Last week, Families for a Safe Hartselle leader Jeff Johnson said he thought efforts to legalize liquor sales were orchestrated by "a handful of city council members and a handful of business owners (who) got in a backroom and decided they needed alcohol sales in Hartselle." Johnson has since sent a letter to the Enquirer "apologizing for any misinterpretation" of that statement.
Ramey said she and her husband, along with several other area businesses, began working to collect signatures to have the alcohol question put on the ballot last year.
"There was nothing done in a backroom," Ramey said.
Ramey and several other business owners have been working in recent weeks to counter the barrage of "vote no" signs and messages that have been disseminated throughout the town. "Vote no" signs and banners are seen in front of most churches and many yards and church marquees urge people to vote against alcohol sales.
Ramey said she has bought 200 "vote yes" signs, but, like their "vote no" counterparts, they don't last long.
"As soon as we put them out, they disappear," she said.
City Councilman Frank Jones is working with the Rameys to try and get alcohol sales legalized in Hartselle.
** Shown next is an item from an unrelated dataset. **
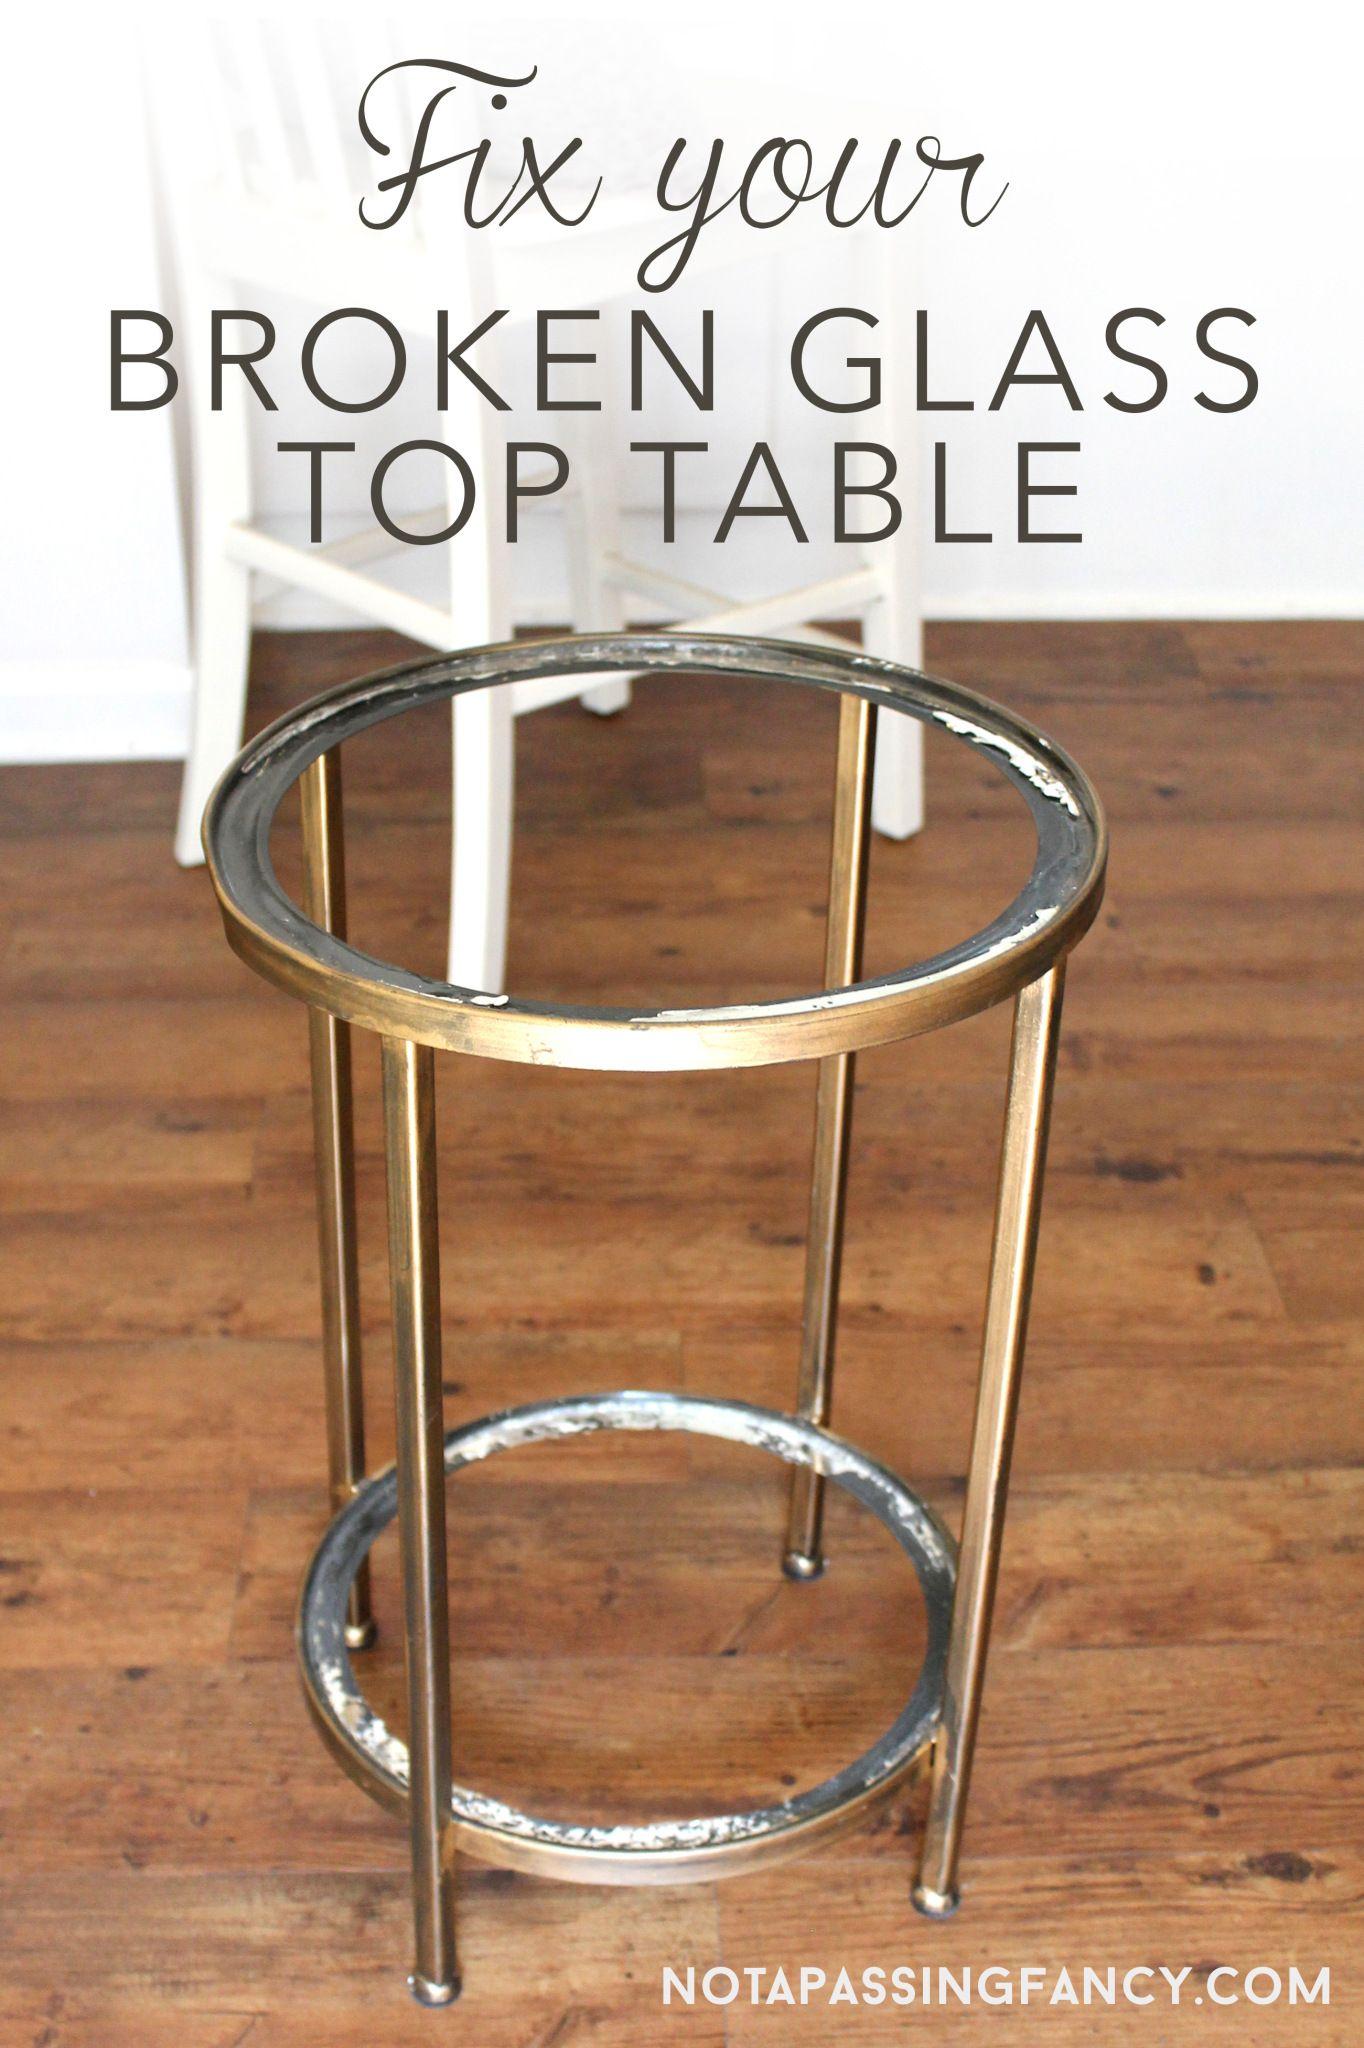 Broken glass top table not a passing fancy glass top

Jones said alcohol sales – and the money they will generate – are vital to the city's future growth.
"If Hartselle does not come up with another form of revenue, Hartselle cannot survive," Jones said. "You cannot stay a bedroom community forever. If Hartselle does not do something, it will end up a part of Decatur or a part of Priceville."
Jones said in addition to the sales tax revenue that would be created by alcohol sales, vendors are also required to pay the city $1.17 per case of beer delivered to area merchants.
"That is money generated before a can is even sold. That also impacts the price of selling beer and allows merchants to charge sales tax on all of that," Jones said. "Even more important than the sales tax is that is will open up the door to other businesses. Businesses, like restaurants and hotels, that would never look at Hartselle before suddenly will."
Those businesses won't include lounges or nightclubs, though. Jones said the latest draft of the alcohol ordinance precludes liquor from being sold where music, entertainment or gaming machines are present.
The current draft of the ordinance requires alcohol sales to be kept 500 feet from churches or schools. There are several exceptions, though, including if the business and church or school face different streets or if the establishment wanting to sell alcohol is a grocery store.
Jones said he, too, take exception to the notion that alcohol vote was put on the ballot in a back-handed manner.
"I think there is an organized effort of a group of people outside of Hartselle who are trying to influence people here and cause guilt and panic within the city," Jones said. "I don't think they have the love of Hartselle or the love of the Lord in mind."